MagnetBolt's life is in danger · 12:36am Nov 2nd, 2018
This is not a happy blog.
When I was eight years old, my mother was diagnosed with cancer. It was probably the last nail on the coffin for my family, and we never really recovered -- and that is even though we had, thank God, no monetary troubles. She was close to dying in more than one occassion. For related reasons, so was I.
MagnetBolt's situation, right now, is far worse. His life and that of his mother's is literally in danger. I am not exaggerating, is the terrifying thing. I know what he's going through. I've been there myself. This is the GoFundMe page he had to set up, because he is literally out of options.
Cancer can be beaten, but it takes time an effort, and when you're also sick while your mother is getting treatment it gets---hard. The only way we made it out was because my father was there, doing everything he possibly could to help. He was our safety net, and eventually I managed to move to live with him, and everything got better. MagnetBolt doesn't have that luxury.
The situation is bad. It's really, really bad. I'm doing all I can to help, myself. We're spreading the word as fast as possible, because there is very little time to do this.

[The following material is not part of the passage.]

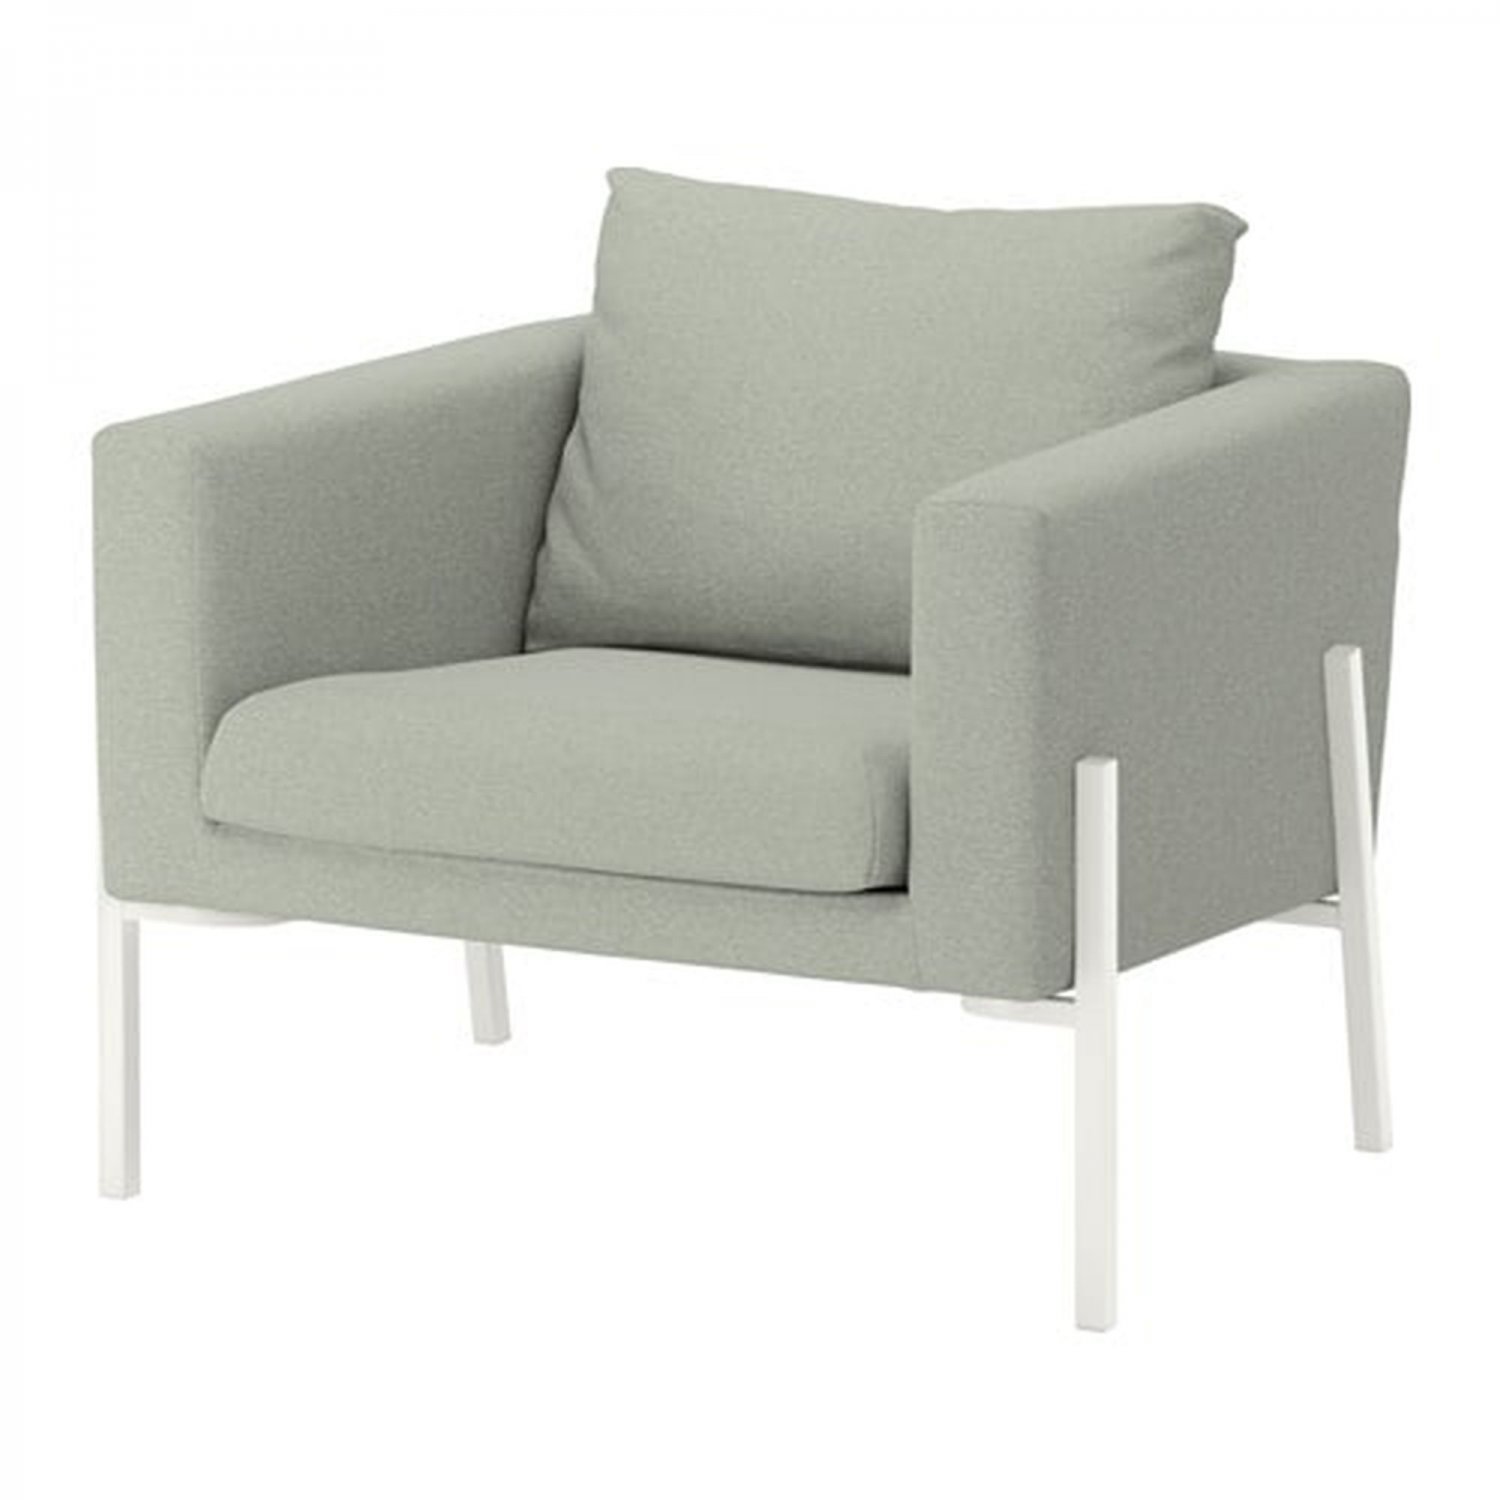 IKEA Koarp Armchair SLIPCOVER Chair Cover GUNNARED Light Green

I don't really do shoutouts. I don't really talk about my childhood either. I think at this point, the fact that my early years were hilariously dark is well-known --- I am writing words in a pony website, after all. But precisely because I'm fairly sure y'all can guess that I was routinely beaten up as a child, I don't like to talk about it. It's kind of against what the website is for, right? You don't want to know about Aragón's Tragic Past. You're here to read comedy. And I'm here to write it.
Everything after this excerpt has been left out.